Бруно, обрадованный тем, что вопрос решился согласно его желанию, сейчас же подошел к опечаленному семейству и сообщил всем о намерении его товарищей выстроить им новую хижину.

Это решение совершенно меняло, в глазах туземцев, вопрос о предстоящей постройке. При содействии европейцев серьезная и тяжелая для них работа, требовавшая страшного умственного напряжения, бесчисленных проб и переделок, становилась почти забавой и, конечно, обещала дать гораздо лучшие результаты. Таким образом, разрушение старого жилища из бедствия превращалось почти в удачу.

Так сложившиеся обстоятельства не замедлили благотворно отразиться на настроении духа местных обитателей. Зато на бедного Иоганна они произвели удручающее впечатление.

— Какая досадная задержка, — говорил он, — ведь это Бог знает насколько отдалит наше возвращение. Я и то уже боюсь, как бы наш проводник не возвратился в Мадрас, соскучившись ожидать нас в пещере. Пожалуй, он заявил уже и полиции о нашем исчезновении, тогда может статься, что и вещи-то наши перевезены уже в город.

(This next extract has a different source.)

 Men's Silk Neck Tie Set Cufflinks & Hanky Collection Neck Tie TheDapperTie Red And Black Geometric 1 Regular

— Ну, это еще не особенно большая беда, — заметил Бруно. — К счастью, я положил наши спасительные крупинки в совершенно неприметную расселину и они, наверное, будут в целости ожидать нашего возвращения.

— Да, да, но подумали ли, вы в каком именно виде принуждены мы будем возвратиться? Сообразите, какое впечатление на жителей Мадраса произведет наша ученая экспедиция, когда она в пальмовых листьях будет бежать по городским улицам, преследуемая толпой мальчишек, зевак и полицейских. Не знаю, господин профессор, добьемся ли мы таким образом славы великих ученых, но уверен, что славы необыкновенных бесстыдников нам не миновать.

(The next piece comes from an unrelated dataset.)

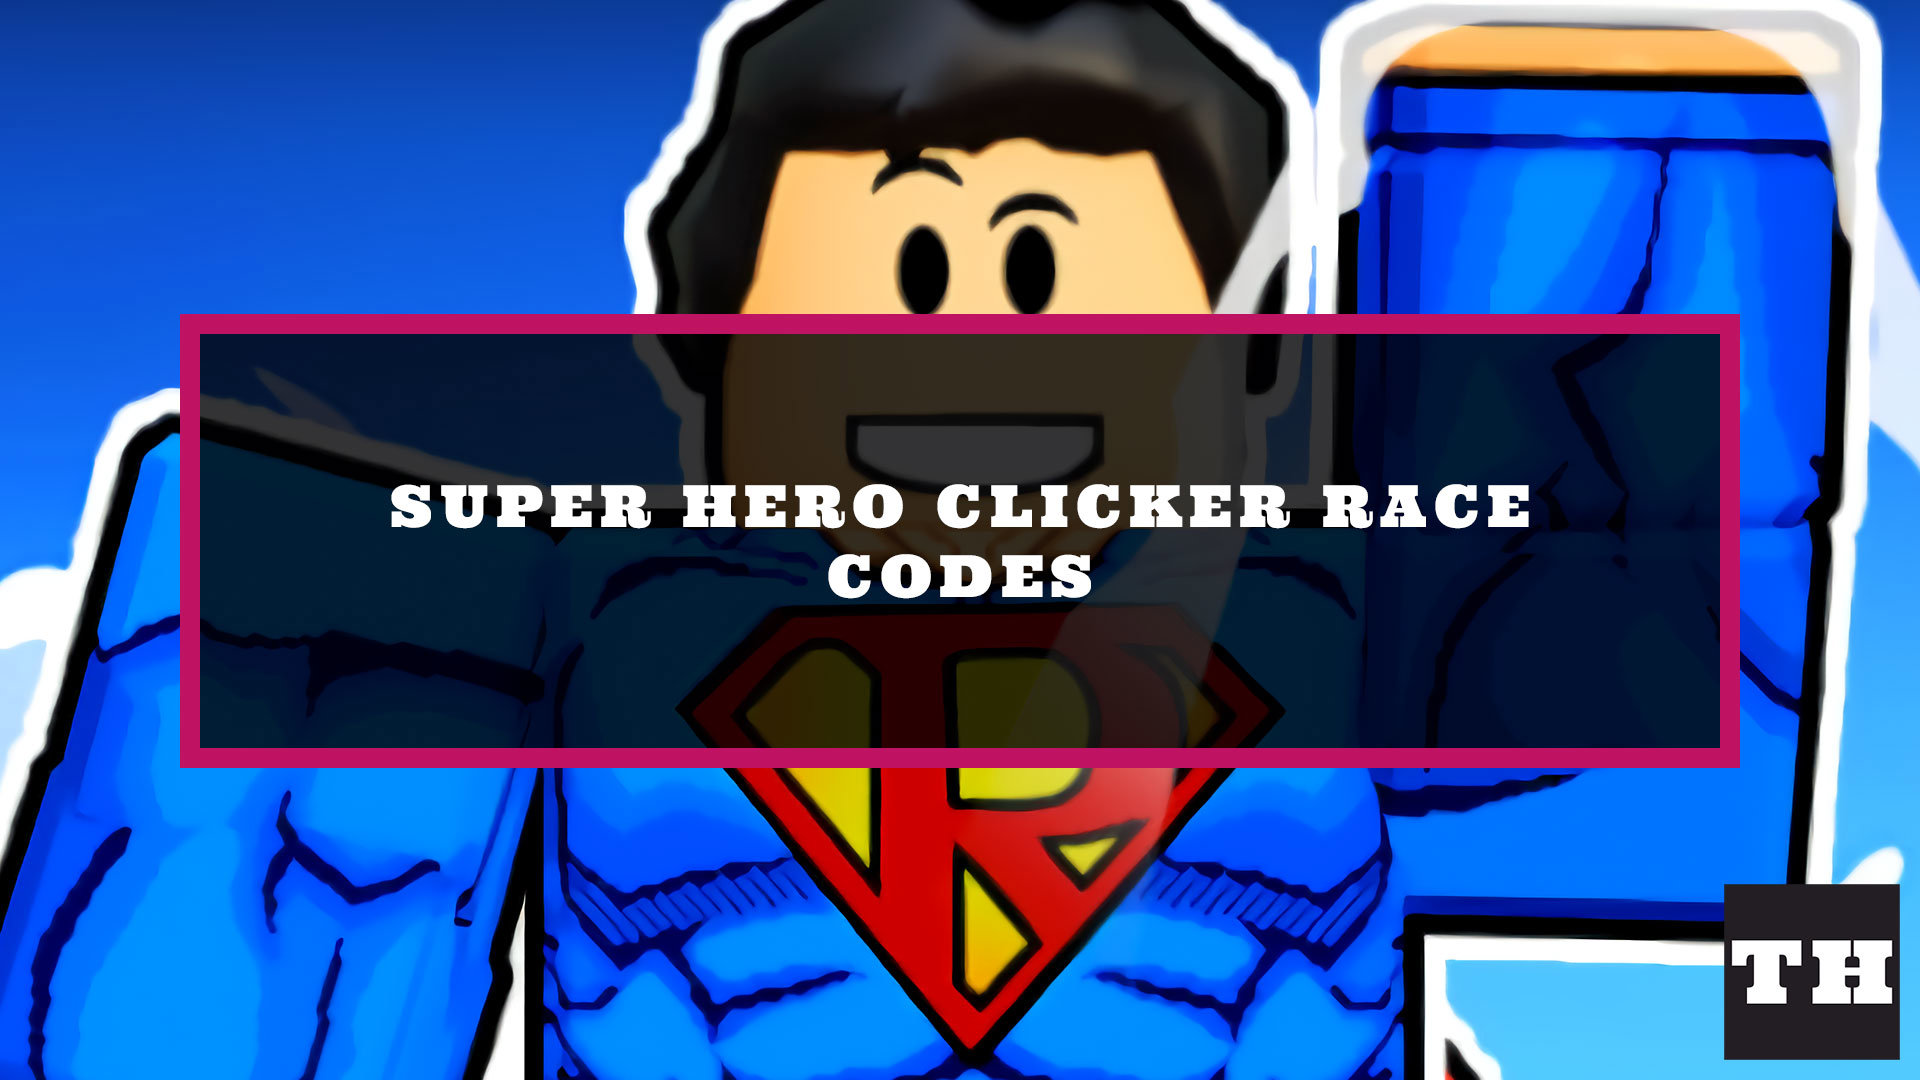 All NEW) Roblox Super hero race Clicker Codes Redeem Codes For Super Hero  Race Clicker

Да, да, — задумчиво проговорил профессор, машинально оправляя свою лиственную одежду, — да, эта печальная картина имеет некоторую вероятность.

— Полно, перестаньте, господа, заранее предаваться печали, может быть, нам удастся как-нибудь войти в Мадрас и без того эффекта, на который вы так рассчитываете, мой милый Иоганн, а теперь я предлагаю сейчас же приступить к делу. Вот, господа, мой план предстоящей работы. Ты, дядя, возьмешь под свою команду туземцев и будешь заботиться о правильном доставлении нам материала. Главным образом ты наблюдай за тем, чтобы они в работе точно держались тех приемов, которые я им укажу, потому что иначе они с самым пустым делом будут возиться бесконечно долгое время, так как вся их беда именно в том и заключается, что в их работе нет решительно никакой системы. Материал для своих построек они, как птицы, подбирают совершенно случайный, валяющийся по лесу, и потому он часто не вполне отвечает своему назначению, мы же будем брать только то, что нам действительно подходит и притом будем получать его свежим, прямо с корня, а вместо топора, которого у нас, к сожалению, нет, мы употребим огонь… Ах, да, — с беспокойством воскликнул он вдруг, — а вот огня-то я и не вижу. Уж не забыли ли его эти ротозеи в пещере?

— На этот счет можешь быть совершенно покоен, — отвечал ему дядя Карл, — погляди-ка вон туда, — и он указал ему рукою на тонкую струйку голубоватого дыма, весело подымавшуюся из-за ближайших кустарников. Как ни обыденно было это зрелище, но оно произвело сильное впечатление на европейцев, — этот дымок как будто бы приближал наших друзей к их собственным временам, когда, как выражался дядя Карл, огонь стал уже для человека не случайной роскошью, а предметом первой необходимости.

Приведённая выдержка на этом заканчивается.